**The task**
Check each line of the entries below for the string "Nike"; copy every line where it appears.

* * *

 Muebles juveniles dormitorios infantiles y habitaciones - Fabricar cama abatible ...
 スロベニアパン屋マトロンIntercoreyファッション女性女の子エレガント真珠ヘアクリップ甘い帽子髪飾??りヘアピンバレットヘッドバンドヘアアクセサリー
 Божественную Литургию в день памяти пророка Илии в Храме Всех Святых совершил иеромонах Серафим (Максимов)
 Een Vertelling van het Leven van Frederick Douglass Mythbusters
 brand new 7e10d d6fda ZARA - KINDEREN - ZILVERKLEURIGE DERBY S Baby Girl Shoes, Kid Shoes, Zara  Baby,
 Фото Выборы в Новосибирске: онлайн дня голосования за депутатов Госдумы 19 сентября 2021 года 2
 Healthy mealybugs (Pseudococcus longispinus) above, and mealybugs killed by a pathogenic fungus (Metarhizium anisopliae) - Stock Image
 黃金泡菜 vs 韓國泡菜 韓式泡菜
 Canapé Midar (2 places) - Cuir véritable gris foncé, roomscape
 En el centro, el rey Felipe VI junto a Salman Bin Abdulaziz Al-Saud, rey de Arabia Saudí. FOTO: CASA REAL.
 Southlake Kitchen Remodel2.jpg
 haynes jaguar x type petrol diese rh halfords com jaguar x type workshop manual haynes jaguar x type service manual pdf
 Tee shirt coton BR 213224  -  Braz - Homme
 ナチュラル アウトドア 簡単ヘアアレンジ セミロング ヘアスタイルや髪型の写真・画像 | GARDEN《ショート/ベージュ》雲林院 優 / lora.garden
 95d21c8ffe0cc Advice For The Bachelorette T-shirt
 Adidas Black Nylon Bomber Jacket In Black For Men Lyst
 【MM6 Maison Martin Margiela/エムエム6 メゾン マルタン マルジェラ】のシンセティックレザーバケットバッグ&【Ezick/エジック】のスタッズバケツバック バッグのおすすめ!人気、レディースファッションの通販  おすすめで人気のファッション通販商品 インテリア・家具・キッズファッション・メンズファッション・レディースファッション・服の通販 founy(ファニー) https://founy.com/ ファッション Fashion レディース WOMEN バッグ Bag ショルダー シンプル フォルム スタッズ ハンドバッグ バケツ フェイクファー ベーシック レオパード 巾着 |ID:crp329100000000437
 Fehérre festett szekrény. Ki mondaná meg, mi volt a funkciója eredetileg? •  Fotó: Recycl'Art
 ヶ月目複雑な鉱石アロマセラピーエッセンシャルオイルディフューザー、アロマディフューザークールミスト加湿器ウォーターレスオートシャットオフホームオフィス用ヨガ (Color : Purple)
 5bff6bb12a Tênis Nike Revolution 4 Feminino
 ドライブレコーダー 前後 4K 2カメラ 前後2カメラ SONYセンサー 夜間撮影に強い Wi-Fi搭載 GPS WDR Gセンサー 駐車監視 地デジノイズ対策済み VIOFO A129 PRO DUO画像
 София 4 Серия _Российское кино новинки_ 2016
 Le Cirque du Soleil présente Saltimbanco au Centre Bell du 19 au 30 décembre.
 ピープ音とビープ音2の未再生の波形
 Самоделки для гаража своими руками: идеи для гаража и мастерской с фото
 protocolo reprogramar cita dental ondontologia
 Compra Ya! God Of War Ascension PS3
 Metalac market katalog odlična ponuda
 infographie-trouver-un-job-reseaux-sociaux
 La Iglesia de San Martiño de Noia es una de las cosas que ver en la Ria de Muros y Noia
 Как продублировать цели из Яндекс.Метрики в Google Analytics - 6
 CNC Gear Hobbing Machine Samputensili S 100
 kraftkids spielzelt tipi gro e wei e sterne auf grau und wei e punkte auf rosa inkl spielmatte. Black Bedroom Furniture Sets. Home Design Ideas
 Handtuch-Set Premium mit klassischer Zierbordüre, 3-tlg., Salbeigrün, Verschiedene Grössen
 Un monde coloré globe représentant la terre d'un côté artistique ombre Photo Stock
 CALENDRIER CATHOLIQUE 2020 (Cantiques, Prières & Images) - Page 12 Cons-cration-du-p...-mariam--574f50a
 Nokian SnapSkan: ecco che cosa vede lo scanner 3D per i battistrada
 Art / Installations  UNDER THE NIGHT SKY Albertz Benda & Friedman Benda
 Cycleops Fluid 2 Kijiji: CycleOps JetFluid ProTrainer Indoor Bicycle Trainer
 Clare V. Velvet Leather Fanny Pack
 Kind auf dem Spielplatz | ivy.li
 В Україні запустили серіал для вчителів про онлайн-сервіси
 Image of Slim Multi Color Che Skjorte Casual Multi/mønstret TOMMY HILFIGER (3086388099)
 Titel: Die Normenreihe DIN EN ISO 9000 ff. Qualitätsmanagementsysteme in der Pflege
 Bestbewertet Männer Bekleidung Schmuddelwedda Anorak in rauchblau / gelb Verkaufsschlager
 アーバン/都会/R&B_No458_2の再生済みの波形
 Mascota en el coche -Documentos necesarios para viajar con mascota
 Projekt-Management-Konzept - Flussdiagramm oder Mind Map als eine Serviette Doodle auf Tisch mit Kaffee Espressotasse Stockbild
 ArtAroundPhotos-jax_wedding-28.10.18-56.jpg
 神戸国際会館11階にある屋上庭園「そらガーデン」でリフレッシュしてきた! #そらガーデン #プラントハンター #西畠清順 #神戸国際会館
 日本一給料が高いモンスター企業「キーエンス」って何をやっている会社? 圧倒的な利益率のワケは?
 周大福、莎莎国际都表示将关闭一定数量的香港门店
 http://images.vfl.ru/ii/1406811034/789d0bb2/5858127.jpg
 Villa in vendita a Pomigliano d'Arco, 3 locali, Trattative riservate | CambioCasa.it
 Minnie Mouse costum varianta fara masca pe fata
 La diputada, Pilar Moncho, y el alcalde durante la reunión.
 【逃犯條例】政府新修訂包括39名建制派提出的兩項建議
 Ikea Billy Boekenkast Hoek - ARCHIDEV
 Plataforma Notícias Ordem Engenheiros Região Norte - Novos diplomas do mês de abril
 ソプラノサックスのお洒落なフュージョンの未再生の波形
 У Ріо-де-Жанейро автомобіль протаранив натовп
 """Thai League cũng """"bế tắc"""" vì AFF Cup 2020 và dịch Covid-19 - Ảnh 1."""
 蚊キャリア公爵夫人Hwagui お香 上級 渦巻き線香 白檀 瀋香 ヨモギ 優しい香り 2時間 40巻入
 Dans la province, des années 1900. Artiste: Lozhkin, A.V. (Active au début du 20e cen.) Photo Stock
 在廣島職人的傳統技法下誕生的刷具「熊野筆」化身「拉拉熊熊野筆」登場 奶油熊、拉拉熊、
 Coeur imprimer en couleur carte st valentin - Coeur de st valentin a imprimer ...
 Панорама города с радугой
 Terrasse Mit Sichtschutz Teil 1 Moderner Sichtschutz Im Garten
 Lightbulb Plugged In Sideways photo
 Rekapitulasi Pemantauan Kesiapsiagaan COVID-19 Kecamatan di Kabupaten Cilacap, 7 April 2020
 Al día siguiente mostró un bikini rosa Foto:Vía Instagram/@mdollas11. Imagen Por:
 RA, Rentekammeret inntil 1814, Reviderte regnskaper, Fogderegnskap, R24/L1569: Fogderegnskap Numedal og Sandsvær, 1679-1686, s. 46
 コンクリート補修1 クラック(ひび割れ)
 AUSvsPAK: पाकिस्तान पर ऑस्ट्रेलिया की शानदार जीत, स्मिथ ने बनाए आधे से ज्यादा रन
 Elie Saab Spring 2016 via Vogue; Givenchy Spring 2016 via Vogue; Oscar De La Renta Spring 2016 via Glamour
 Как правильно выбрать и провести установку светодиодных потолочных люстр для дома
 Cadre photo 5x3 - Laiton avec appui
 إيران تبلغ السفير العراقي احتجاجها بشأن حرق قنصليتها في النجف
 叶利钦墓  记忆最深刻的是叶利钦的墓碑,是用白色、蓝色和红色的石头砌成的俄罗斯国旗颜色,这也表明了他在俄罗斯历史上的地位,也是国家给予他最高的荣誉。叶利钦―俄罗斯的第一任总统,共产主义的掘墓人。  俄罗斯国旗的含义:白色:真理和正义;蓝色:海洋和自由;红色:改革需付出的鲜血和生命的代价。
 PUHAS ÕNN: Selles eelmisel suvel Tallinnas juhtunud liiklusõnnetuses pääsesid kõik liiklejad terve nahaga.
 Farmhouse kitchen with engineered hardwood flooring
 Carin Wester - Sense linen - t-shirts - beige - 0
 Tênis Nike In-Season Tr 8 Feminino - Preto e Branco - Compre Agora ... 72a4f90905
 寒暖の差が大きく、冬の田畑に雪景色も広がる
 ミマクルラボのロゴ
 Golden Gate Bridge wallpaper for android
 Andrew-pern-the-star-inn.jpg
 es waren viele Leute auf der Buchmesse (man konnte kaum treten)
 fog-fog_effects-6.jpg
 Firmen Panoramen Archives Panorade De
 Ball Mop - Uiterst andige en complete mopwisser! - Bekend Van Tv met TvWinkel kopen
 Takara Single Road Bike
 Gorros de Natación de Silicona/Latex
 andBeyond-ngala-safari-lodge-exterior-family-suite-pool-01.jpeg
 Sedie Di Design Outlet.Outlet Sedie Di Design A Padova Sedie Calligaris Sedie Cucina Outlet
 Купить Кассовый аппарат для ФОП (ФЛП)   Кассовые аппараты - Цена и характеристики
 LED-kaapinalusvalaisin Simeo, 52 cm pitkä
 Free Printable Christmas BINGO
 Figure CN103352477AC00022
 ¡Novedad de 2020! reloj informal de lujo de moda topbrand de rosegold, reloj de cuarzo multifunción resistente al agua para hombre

* * *

**Finished exercise**
 5bff6bb12a Tênis Nike Revolution 4 Feminino
 Tênis Nike In-Season Tr 8 Feminino - Preto e Branco - Compre Agora ... 72a4f90905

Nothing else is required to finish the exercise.